* **Material provided**
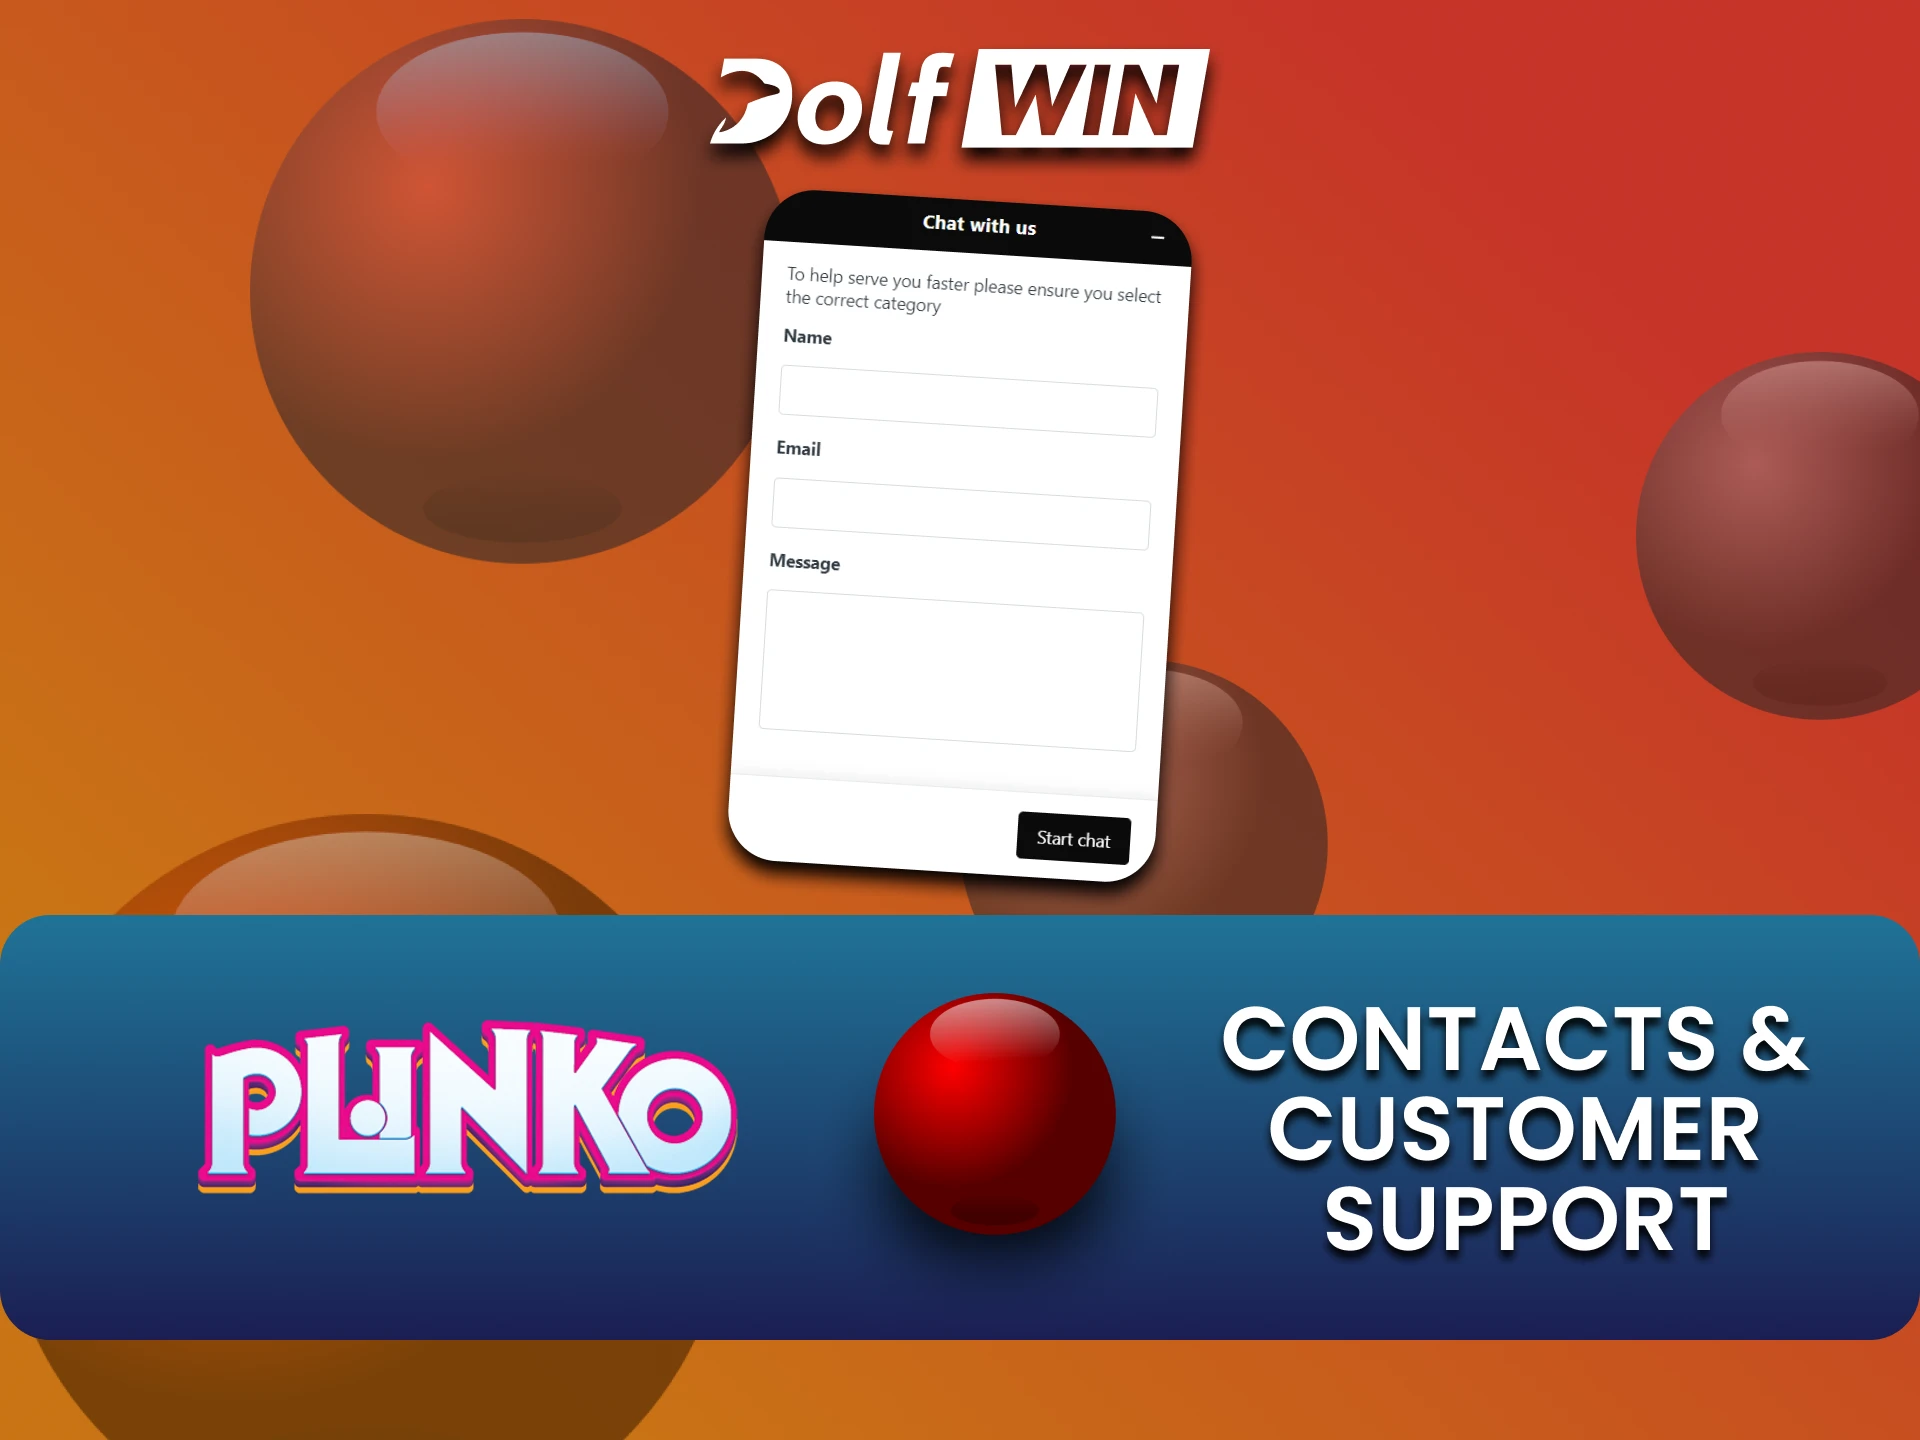 Choose your way to contact the Dolfwin team regarding Plinko questions.
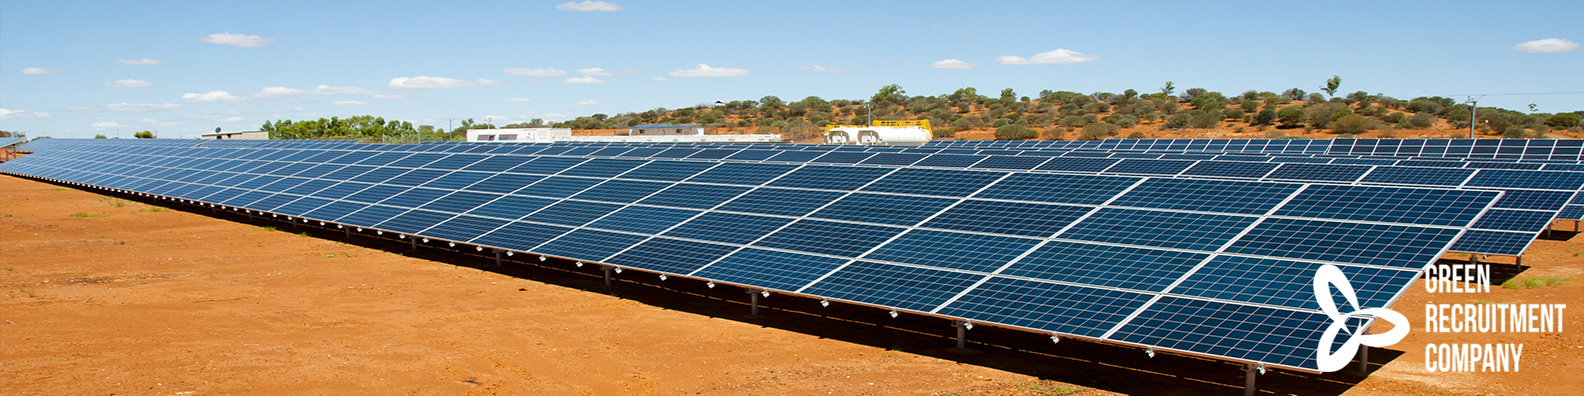 Tgrc   Australia Renewable Energy Recruitment Banner   08
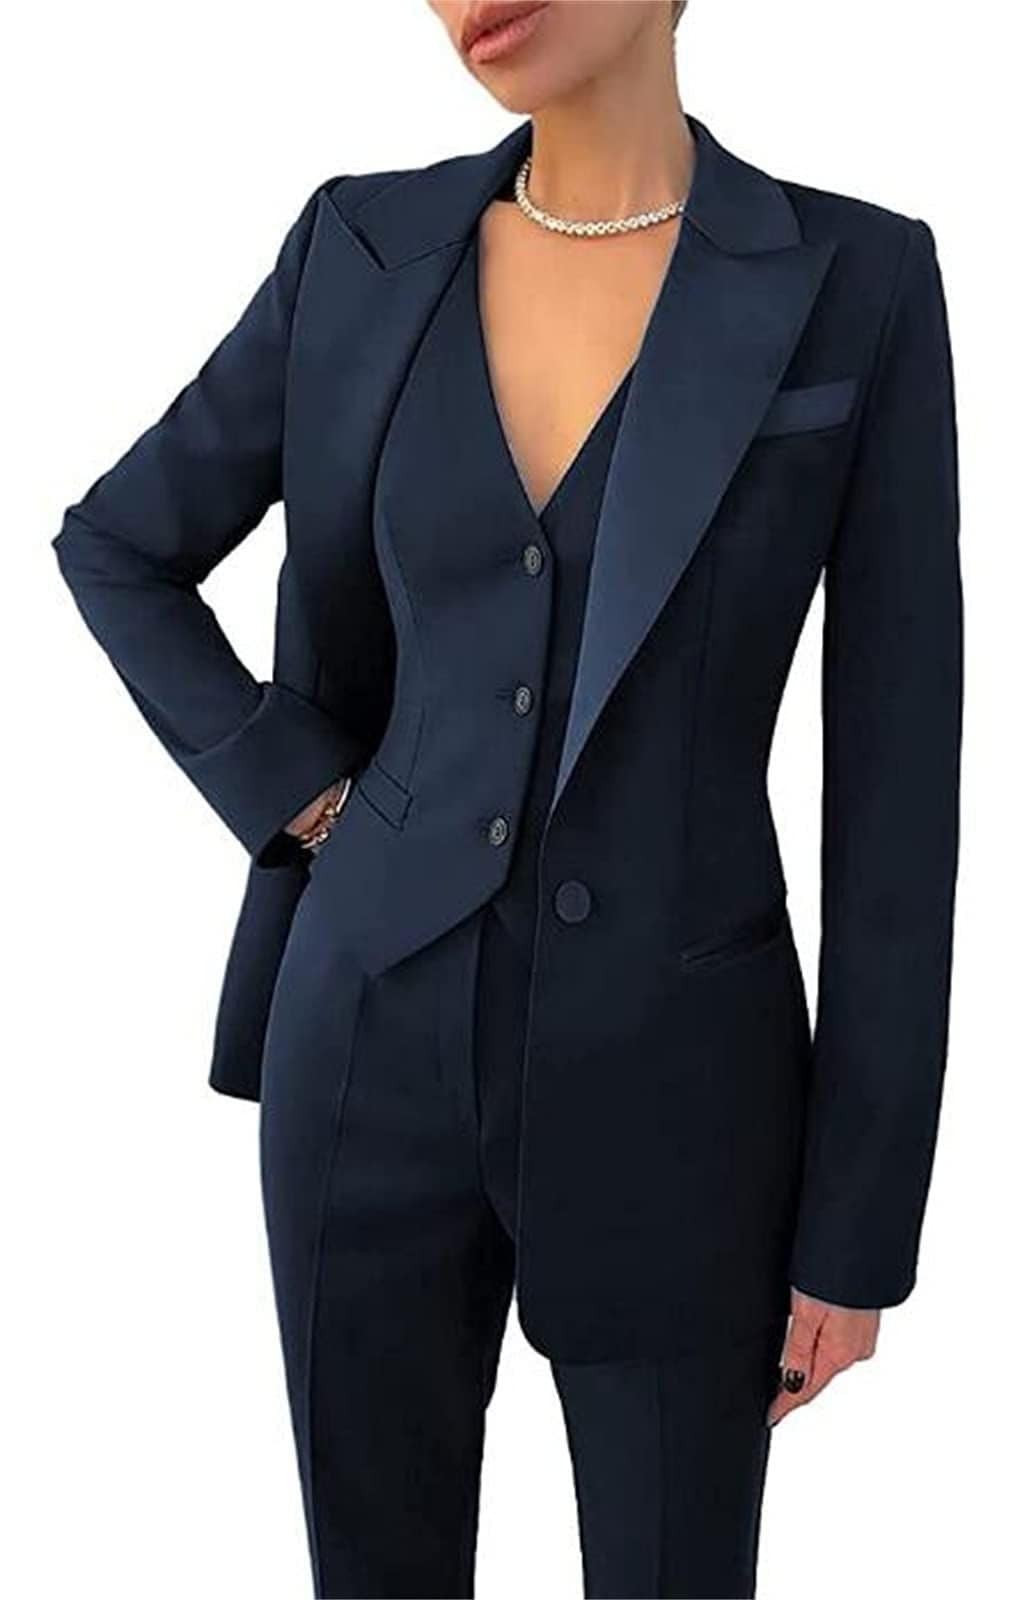 Women's Suits for sale in Delaware, Ohio

* **Work request**
When copying, output the data exactly and leave out the pictures.

* **Written reply**
 Choose your way to contact the Dolfwin team regarding Plinko questions.
 Tgrc   Australia Renewable Energy Recruitment Banner   08
 Women's Suits for sale in Delaware, Ohio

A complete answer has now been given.